Using Randomized Communication for Robust, Scalable Systems

What's the real meat of what you're gonna be talking about?

I'm going to talk about SWIM and other academic research based on randomisation that we have applied in Consul. I'll cover the concrete details of how the randomisation helps with scalability and robustness, but simultaneously this was a learning process for us - it was a journey that took us a number of iterations. So I also want to show people how to engage with academic research successfully. It can have a huge impact on the quality of your product, but there are a lot of tricks to mining the research publications, understanding how the research community works and evaluating a paper. Then there's the issue of how do we actually translate that into the real world of product development? Because the academic work is not necessarily done at scale or with all of the constraints that we have in the real world. And of course if you're using research from the past this is an area that's moving very quickly. Cloud scale, public cloud and hybrid cloud, there's a lot of a lot of things in research that wasn't targeted at these domains but it's highly applicable if you know how to translate that.

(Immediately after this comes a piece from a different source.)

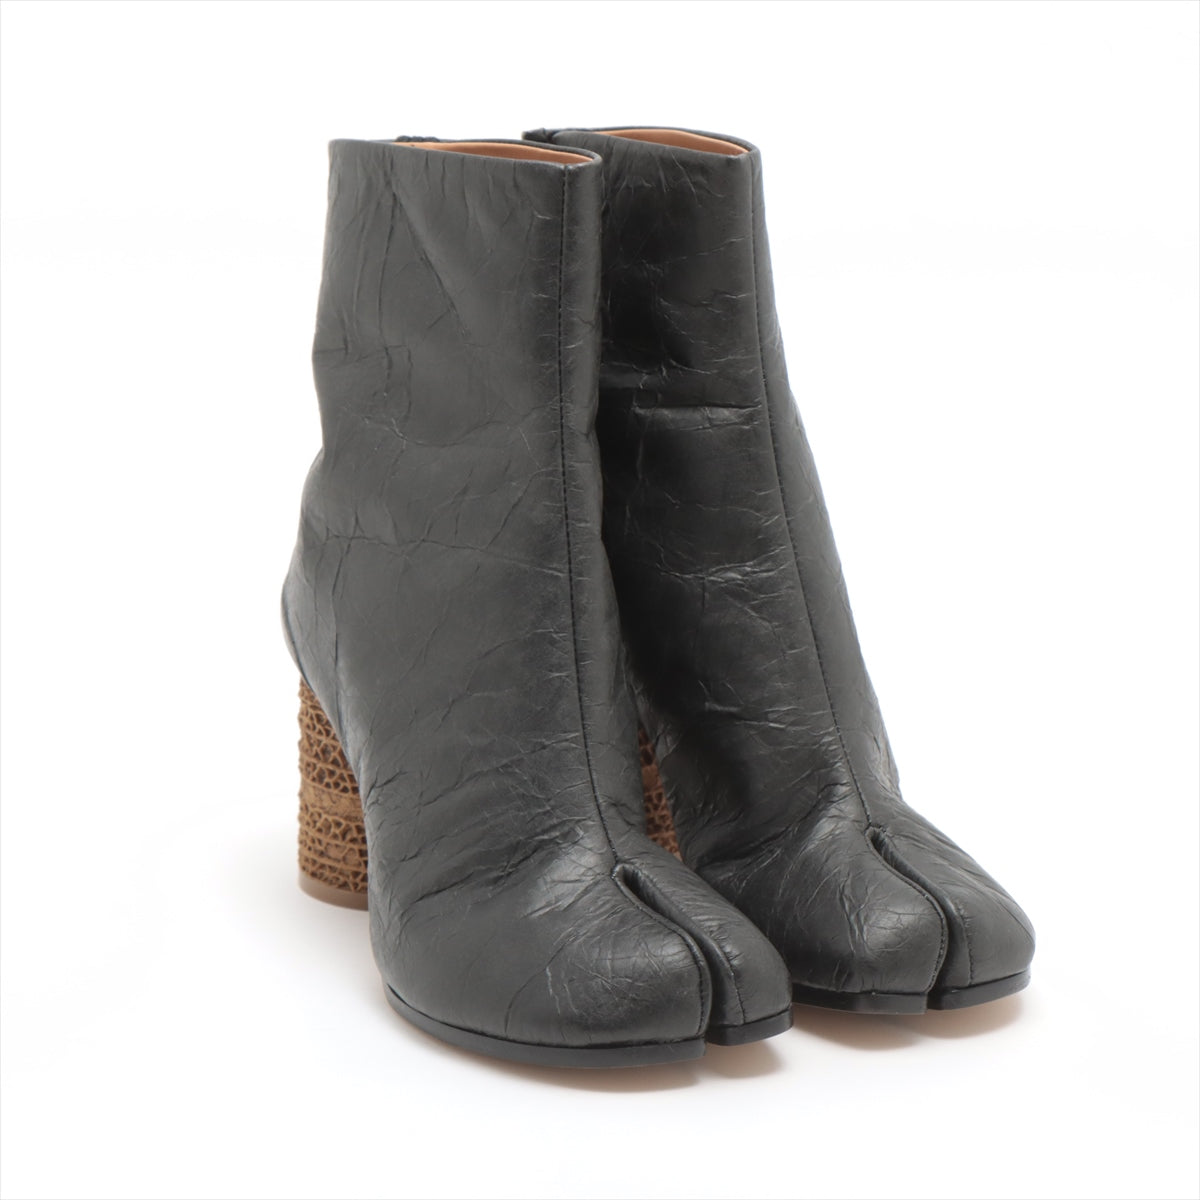 Maison Margiela TABI Leather Short Boots 35 1/2 Ladies' Black S58WU0381 Wrinkle processing 22 box There is a bag
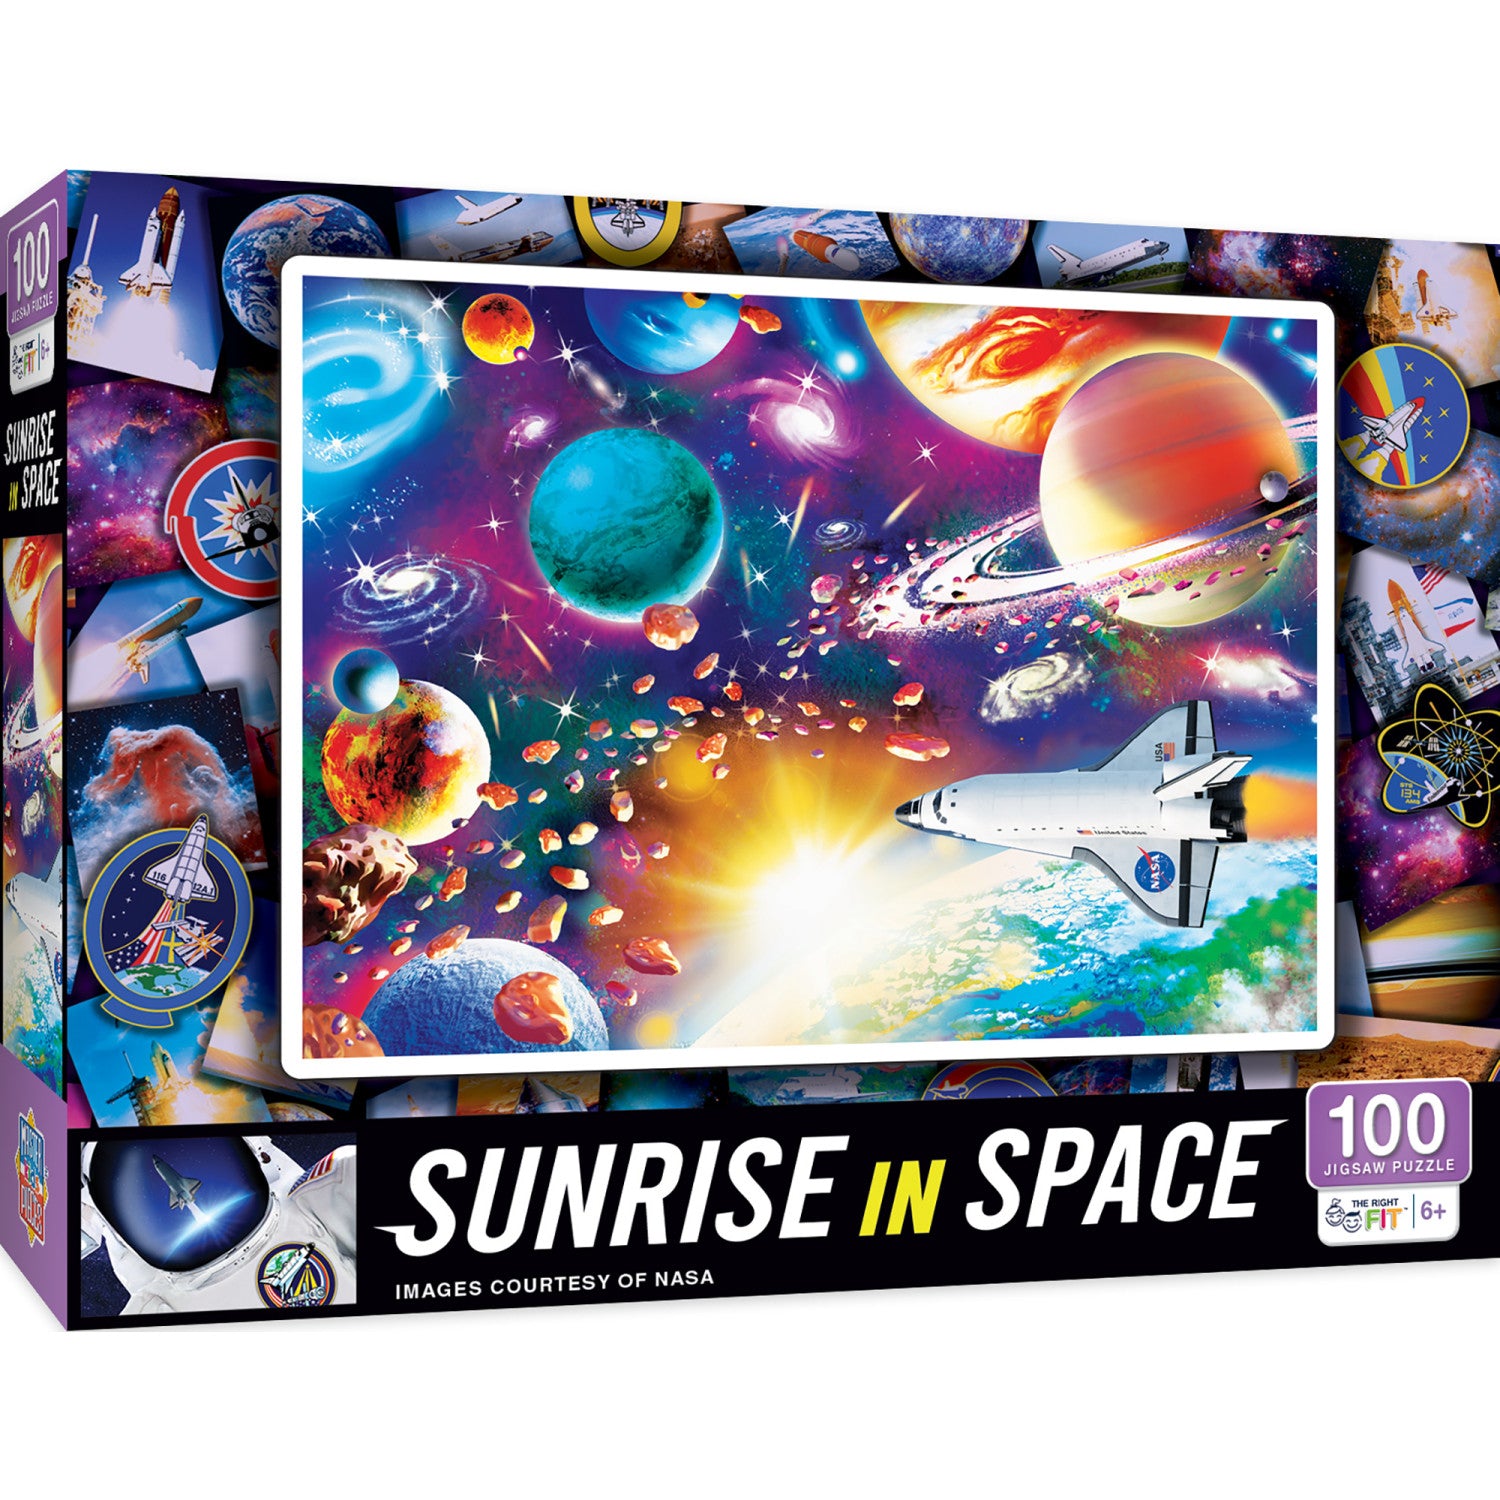 NASA - Sunrise in Space 100 Piece Jigsaw Puzzle

What is a randomize communication protocol?

In a randomized communication protocol you are not doing a full mesh, everybody communicating with everybody else, nor are you having everybody always communicate with the same subset of their peers as you might have in say a token ring.

What is SWIM?

SWIM is a solution for group membership. It allows a group of peers to discover one another and monitor one another's health. So it can be used to deliver both service discovery and availability checks for the service instances. It was developed at Cornell University and published in 2002. This was a different era: They only had 55 computers available for experiments, but that was very respectable then. Hot applications included reliable multicast and peer-to-peer file sharing, as well as low-powered sensor networks. The datacenter settings we use it in weren't explicitly on their radar, but SWIM turns out to work well there too, and it has enjoyed a healthy life in data centers.

You picked SWIM. Why not Raft?

Well actually we use Raft as well. SWIM and Raft are complementary technologies, and there was an evolution here. Before we created Consul we had Serf (which we still have and which Consul is built on top of.) Serf uses SWIM, and offers a weak, 'eventually consistent' view of group membership. Consul adds use of Raft on top of that, for a consistent view of the group. Consul also exposes the Raft-based consistent view as a key-value store. So if there are parts of your application where it is important to have a consistent view of state as different processes or nodes come up and go down, you can achieve that by writing and reading against the Consul KV store. Raft takes care of replicating that data between the servers, so that consistent view is  highly available. But when you don't need it, you can get weaker consistency with performance benefits.

What you want somebody who comes to your talk to leave with?

This is two fold: concretely, to understand how randomized communication is something that can have multiple benefits in a system, including necessary caveats and how to debug it. But also, stepping back, an appreciation of the benefits of applying academic research to challenging problems in your real-world systems, along with specific techniques and practices that can help you pick and apply that research successfully. The meta-level learning is how to engage with academic research. It's not a passive thing: We are not in the academic setting, so you need to develop a whole pipeline, from discovering and evaluating the most relevant research, through translating it into your real-world environment and debugging it. Things get interesting when you pass the limits of what the researchers could attend to, because of things like scale and the passage of time. But with some tried and tested practices, this can be a rewarding phase of the process too.